This may actually be a better position for eth2 to be in, because sharding data availability is much safer than sharding EVM computation. While dishonest-majority-proof verification of sharded EVM computation requires fraud proofs, which require a strict and potentially risky two-epoch synchrony assumption, data availability sampling (if done with ZKPs or polynomial commitments) is safe under asynchrony.

This will help Ethereum distinguish itself as having a stronger security model than other sharded L2 chains, which are all going in the direction of having sharded execution of some form; eth2 would be the base layer that’s just powerful enough to have functionality escape velocity, and no more powerful.

What could eth2 focus on in the long run?

  • Staggering block times on different shards, so that at any time there will always be some shard scheduled to propose a block within a few hundred milliseconds. This allows rollups that operate across multiple shards to have ultra-low latency, without the risks of the chain itself having ultra-low latency
  • Improving and solidifying its consensus algorithm
  • Adjusting the EVM to be more friendly to fraud proof verifications (eg. this could imply some kind of “frame” feature that prevents code from breaking out of a sandbox or allows SLOAD/SSTORE to be remapped to using something other than account storage as their data source)
  • ZK-SNARKing everything

Compromise Proposals

If you are not convinced to go “all the way” on the “phase 1.5 and done” direction, there is a natural compromise path to take: having a small number of execution shards (eg. 4-8) and many more data shards. The goal would be that the number of execution shards would still be low enough that in exceptional situations, regular computers would be able to fully validate all of them, but there would still be considerably more base-layer space than there is today.

Base-layer space cannot be minimized too much, as users and applications still need it to eg. move between rollups, submit fraud proofs, submit ZK proofs in ZK rollups, publish root ERC20 token contracts (sure, most users will live in rollups, but the base contract has to live somewhere…), etc. And it would still be a large UX loss if those things cost $140 per transaction. Hence, if necessary, having 4-8 execution shards instead of 1 could provide significant relief. And it would still be possible for one computer to verify all shards; today, verifying eth1 blocks on average takes ~200-500 ms every 13 seconds, so verifying eight threads of such execution for short periods of time is completely feasible. One can imagine clients have policies like “if network latency appears low or committees are >80% full, rely on fraud proofs and committees, under exceptional conditions verify all shards directly”.


I’m optimistic about most of this plan, but have some worries.
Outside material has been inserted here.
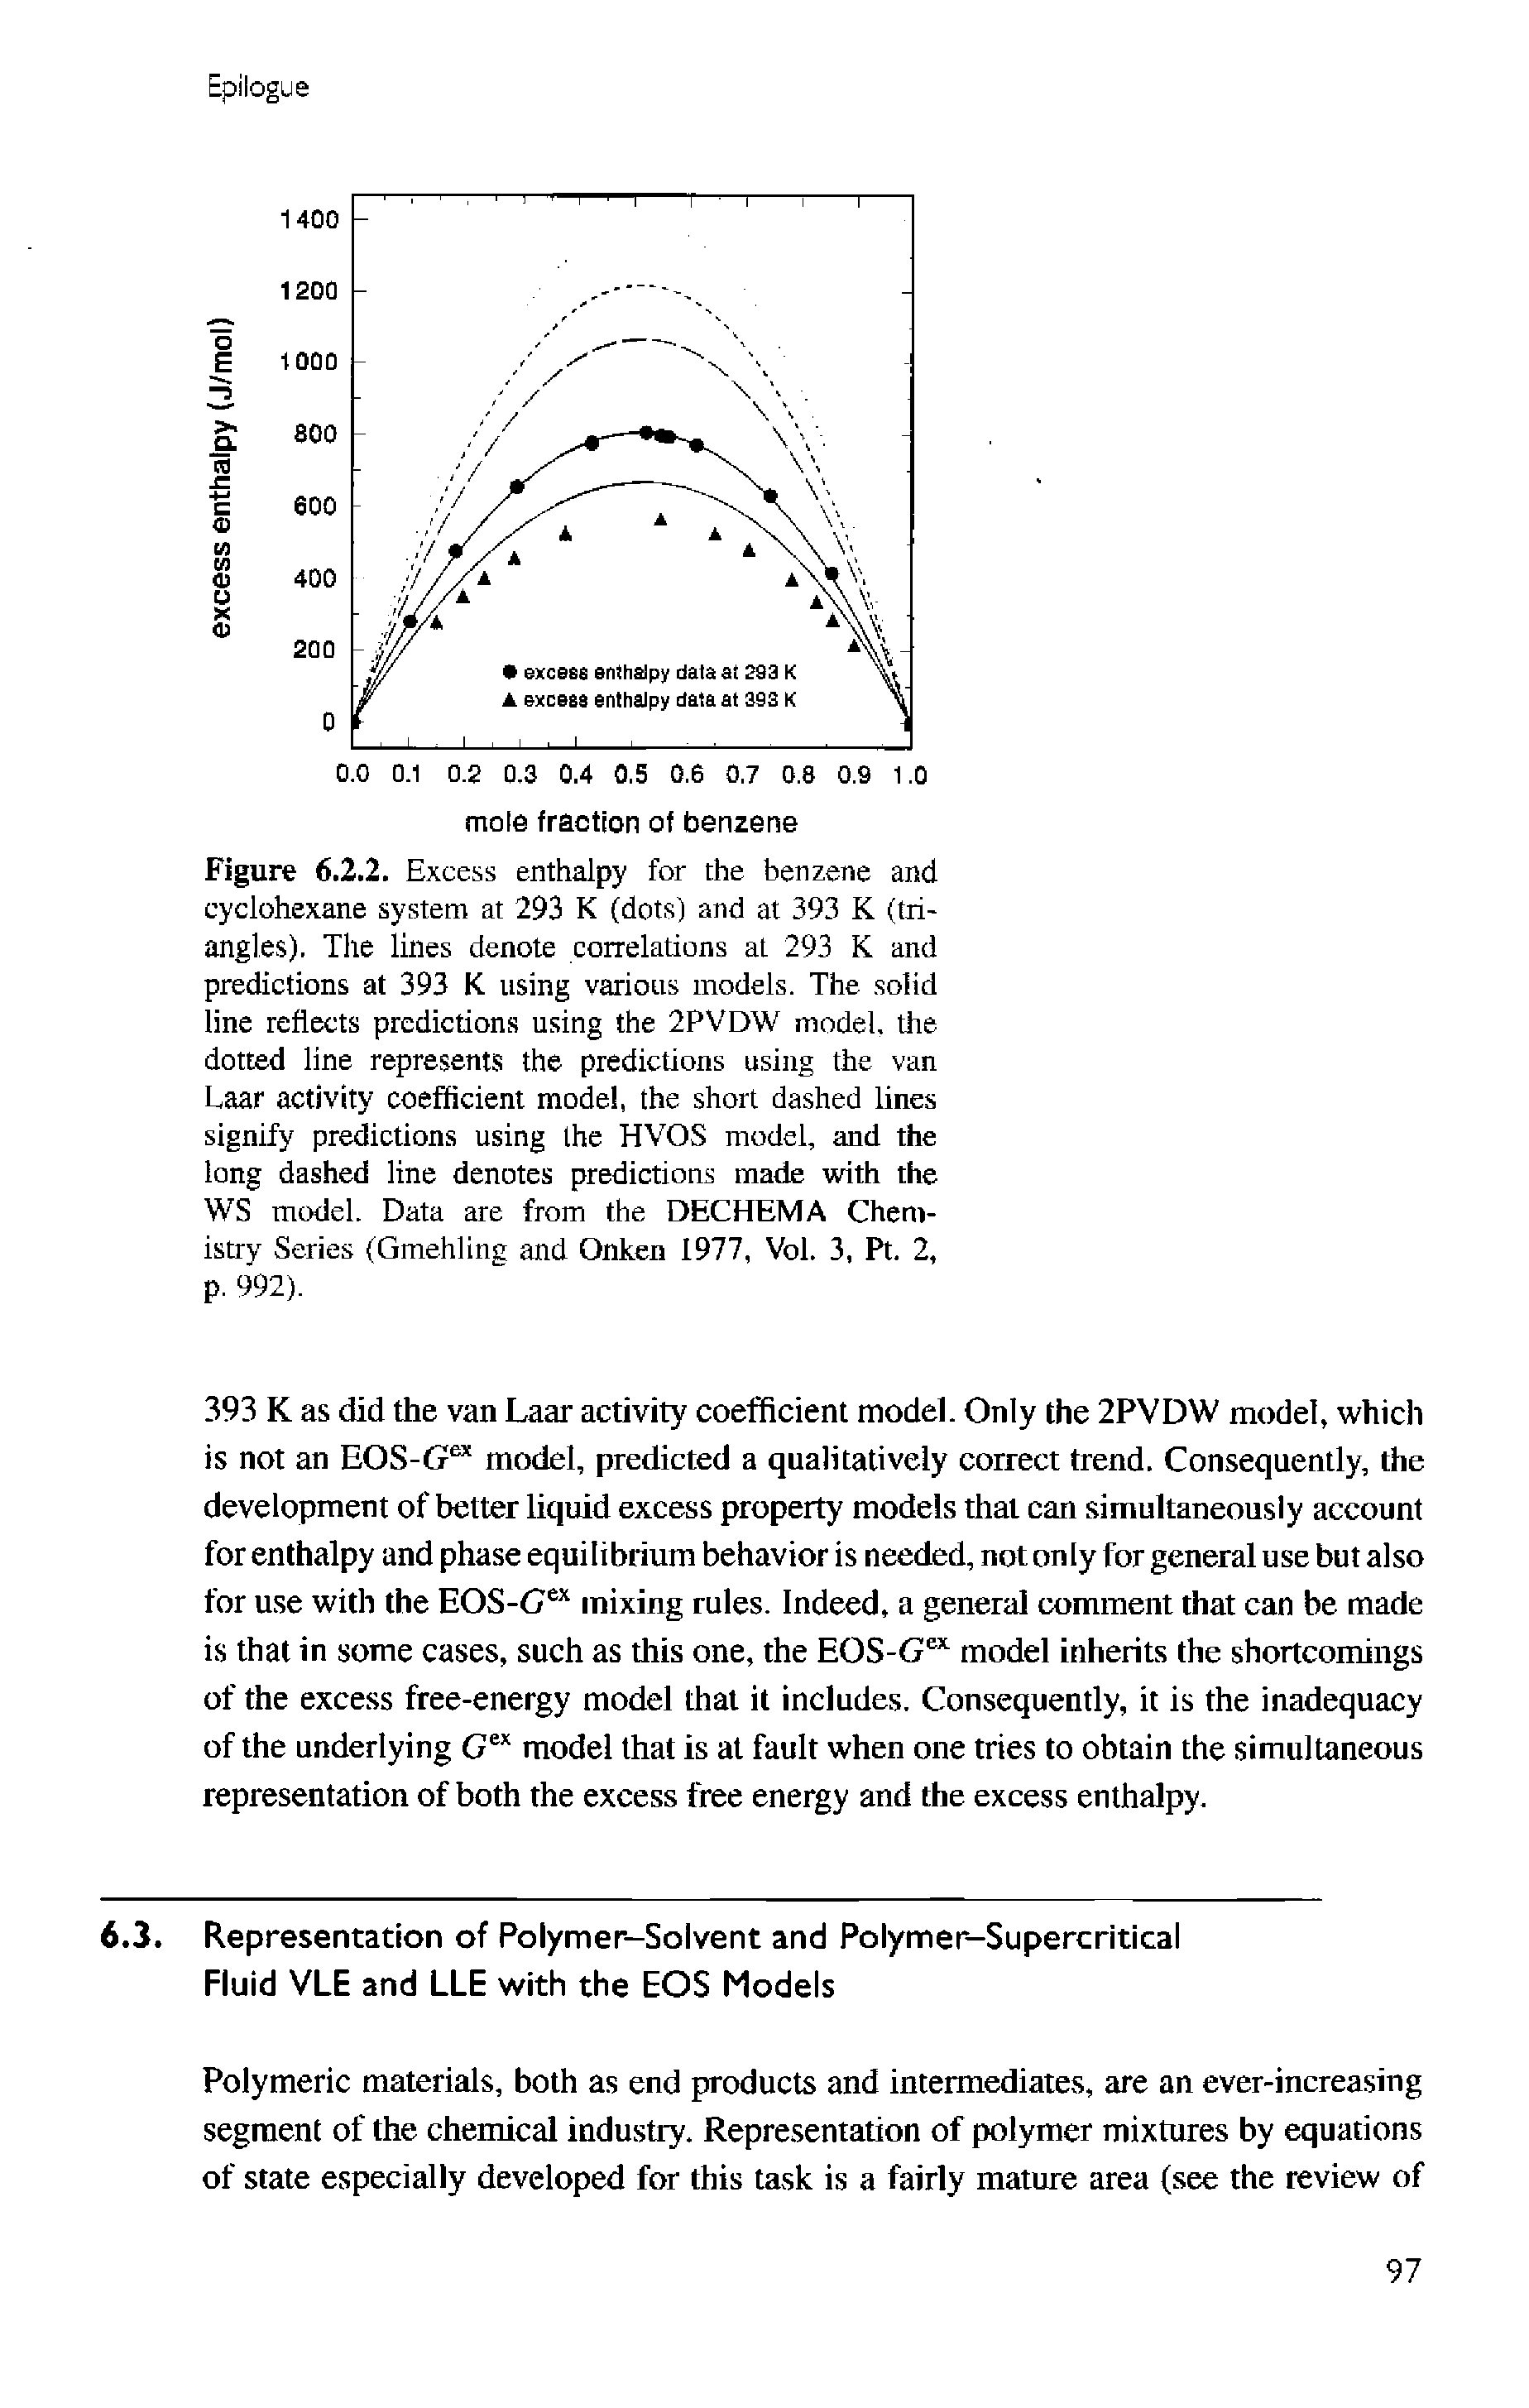 Figure 6.2.2. Excess enthalpy for the benzene and cyclohexane system at 293 K (dots) and at 393 K (triangles), Tlie lines denote correlations at 293 K and predictions at 393 K using various models. The solid line reflects predictions using the 2PVDW model, the dotted line represents the predictions using the van Laar activity coefficient mode , the short dashed lines signify predictions using the HVOS model, and the long dashed line denotes predictions made with the WS model. Data are from the DECHEMA Chemistry Series (Gmehling and Onken 1977, Vol. 3, Pt. 2, p. 992).

Most of it comes down to how to implement much of this Layer 2 future while still keeping it simple enough for users and beginner devs of the system to not:

  1. get tricked into losing ether/tokens/NFTs/etc.
  2. have to decide on difficult trade-offs when they need to chose between multiple L2s.
  3. have to keep up with various protocols/technologies to know if their tokens/things of value are secure.

It’s already pretty complicated for an average person to use Ethereum in the first place, let alone use it consistently without falling for scams. Incorporating different layers with different security guarantees and different requirements will put a lot of pressure on multiple areas of the ecosystem, especially user adoption and usability. I’m not saying we shouldn’t innovate and move forward and change when needed, but we do need to keep some of the things I listed in mind and spend more resources ideating on solutions. Otherwise we are just building Ethereum for the niche tech. people and not for the world.


I absolutely agree with this. I do think it’s important to note that at least in the short term, as far as I can tell we have no choice. The L1 is nearly unusable for many classes of applications, and there’s no non-L2 path that can get us to scalability in the short-to-medium term. The $17.76 in fees it took me to make a bet on Augur last week itself makes present-day Augur very much “for the niche people and not for the world”. That said, I think there are ways to minimize the tradeoffs!

One major thing that I think we are already doing is to avoid (at least at first) trying to use layer 2s as an opportunity to try to “make a better VM”; instead, we should try to just keep things as close to the current EVM as possible. Also, we should maintain a hard commitment of what security properties a “legitimate layer 2” should have: if you have an asset inside the layer 2, you should be able to follow some procedure to unilaterally withdraw it, even if everyone else in the layer 2 system is trying to cheat you. We should put a lot of resources into security-auditing the major layer 2’s, and making sure they actually satisfy this requirement, and steer people toward the more solid and established solutions. Additionally (perhaps most importantly?), we should work with major wallets (metamask, status, imtoken?) to integrate support for the major L2s. L2s being inside the wallet and wallets being relatively trusted reduces the risk of people putting their coins into “fake L2s”.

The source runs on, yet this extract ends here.